From the Asia Society Museum’s collection, the exhibition has taken Rajput miniatures, Chola bronzes and a Japanese scroll to make links to the group’s varied influences, particularly from India and Asia, and their borrowing from tradition even as they were trying to forge a new visual vocabulary for the newly independent nation. Such juxtapositions will allow audiences at the exhibition to see how some of Souza’s female figures recall Indian sculpture, such as the dancer from the 10th century, or that Pahari miniatures were key references for Gaitonde’s early figurative work, as is evident in the 1948 gouache From Village to the City.
Co-curator Tan said that the spirit of the Progressives is emblematic of Asia in the mid-20th century. “One of the reasons I wanted to do this show is that their work was about extending the limits of what was possible in the new India post 1947,” he said. “This is also the story of post-colonial Asia, not just India. When the peoples of Asia were slowly being liberated from colonial rule after the Second World War, their modern art became a way of visualising this new freedom.”
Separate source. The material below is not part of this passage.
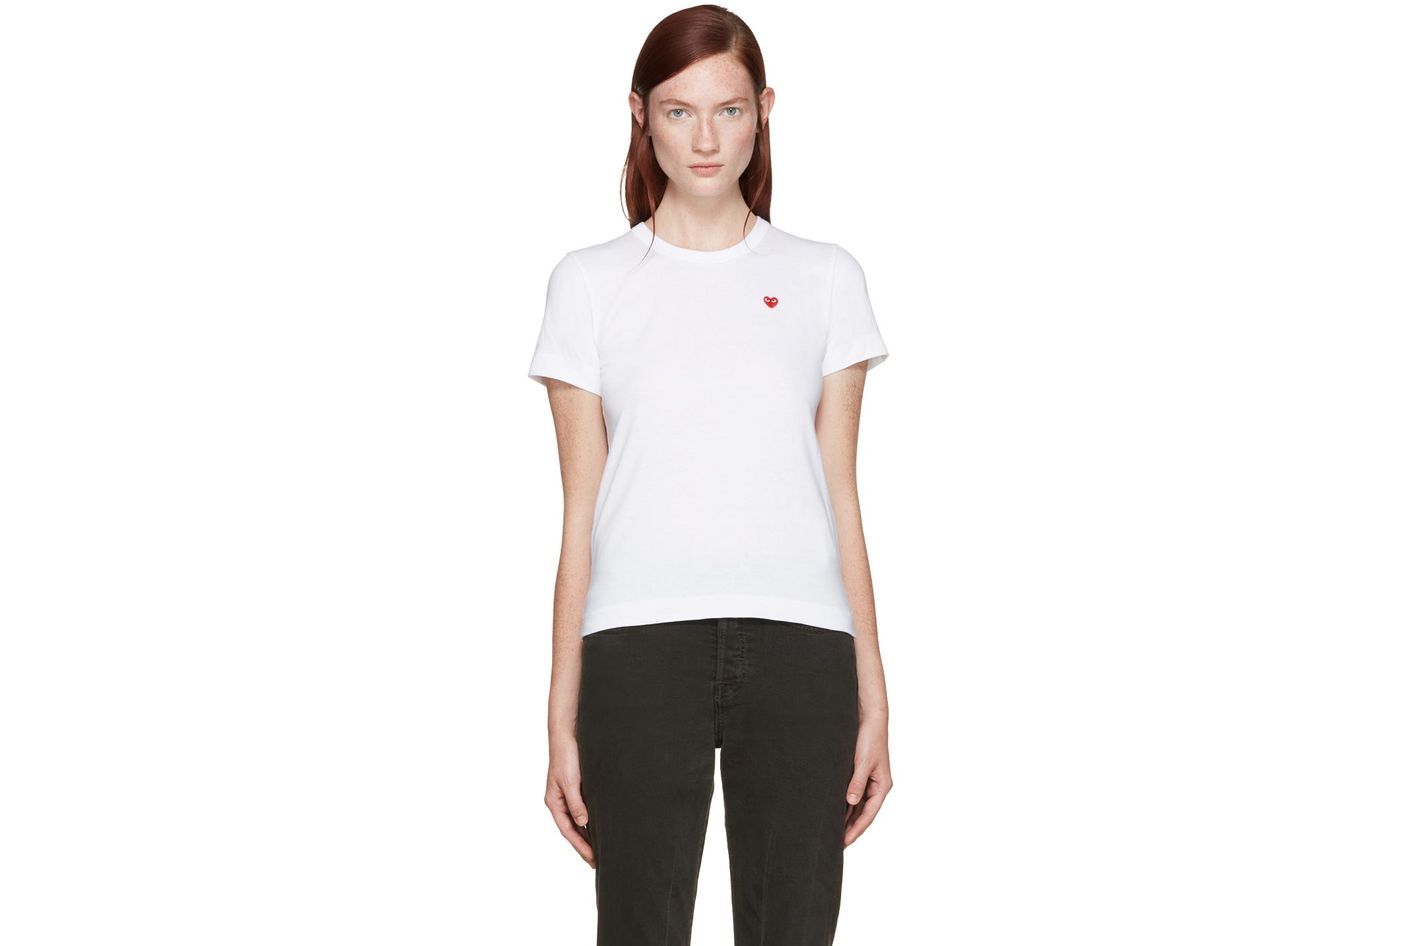 What’s the Best White T-shirt for Women?

The choice of the word progressive to describe this movement is indicative of the political impulses of the era. “It was a time of great intellectual ferment, the terminology of progress was in the air,” Jumabhoy said. “The socialist connotation of the term was only one of the reasons for the PAG’s choice of nomenclature. They saw themselves as staging a rupture with the past, forging head. Now that India was a free nation, it needed a progressive art.”
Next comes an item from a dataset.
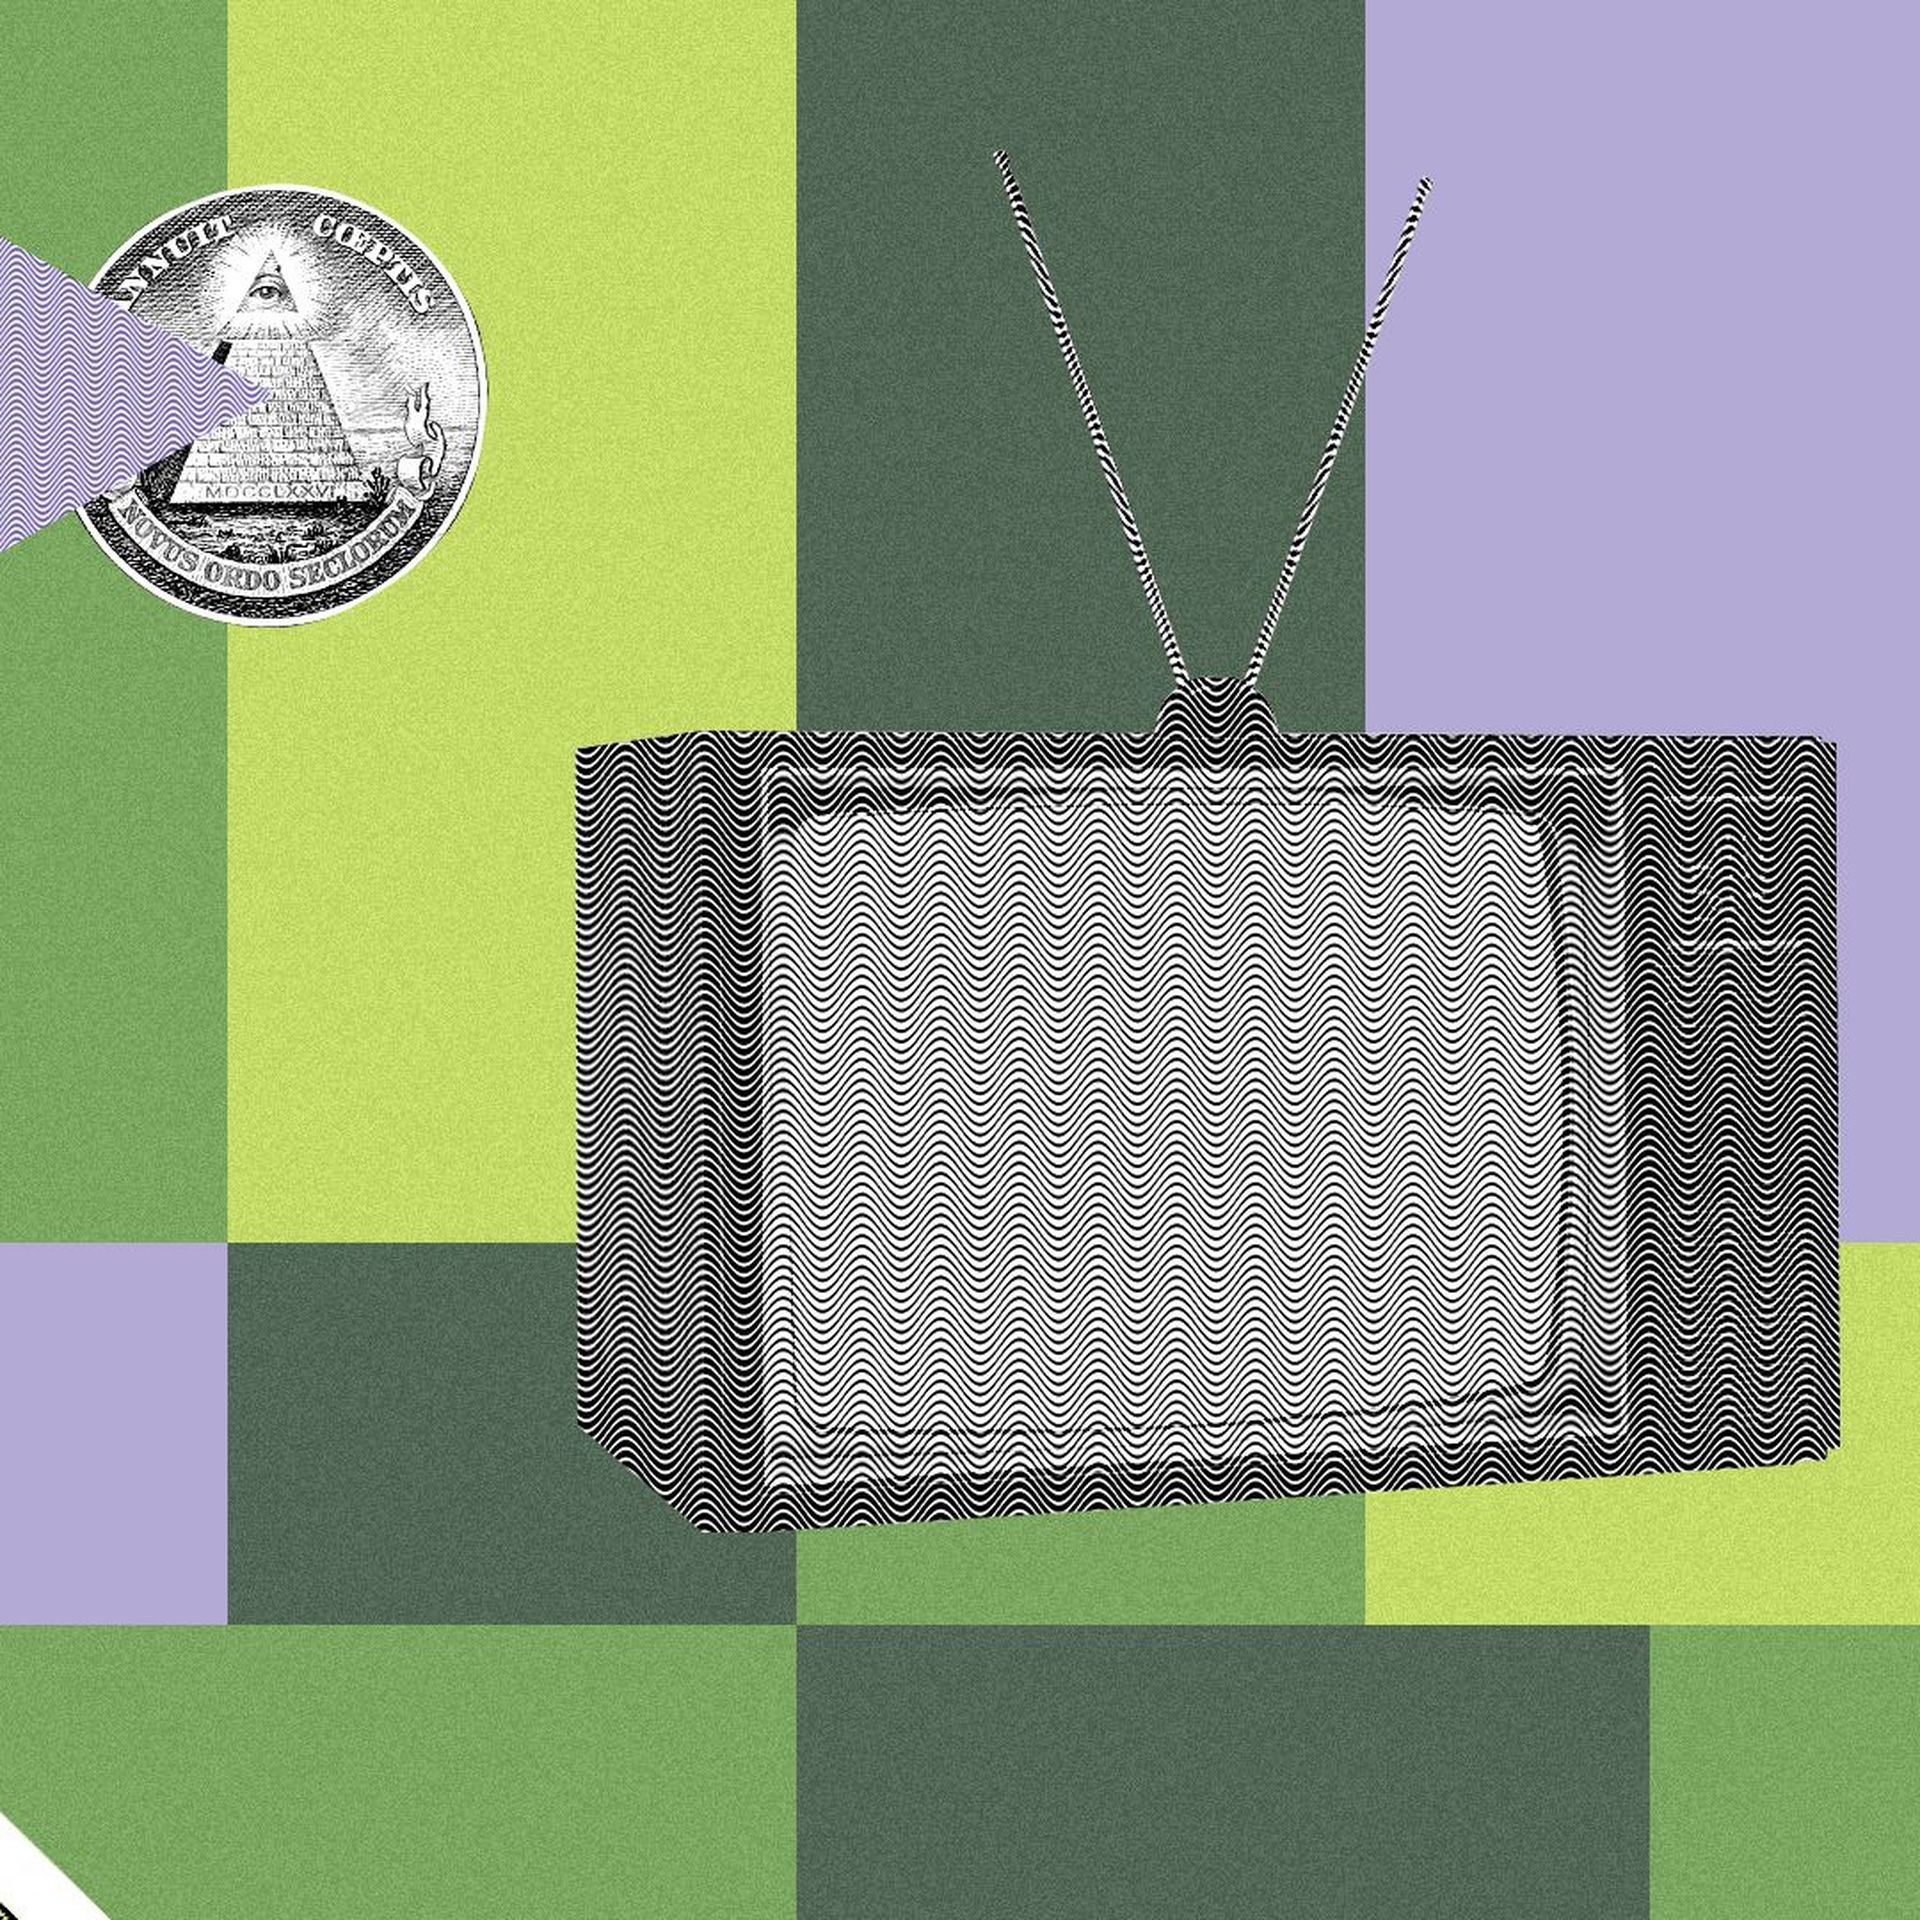 Illustration of a collage featuring an old TV, parts of dollar bills, and a TV test pattern.

The pursuit of progress, of being progressive, determined the direction not only in art and culture, but in every aspect of life. However, Jumabhoy believes that even after the formation of the group, which coincided with the birth India, we can learn from the impulses that guided it. “The artists embodied Indian Prime Minister Nehru’s dream of unity in diversity and his version of an Indian secularism that was multi-religious and inclusive,” Jumabhoy said. “Given the political climate in both India and the US today, I think this principle of tolerance – part and parcel of the group’s DNA – is vital to rekindle.”
The Progressive Revolution: Modern Art for a New India will be on view at Asia Society Museum, New York, from September 14 to January 20, 2019.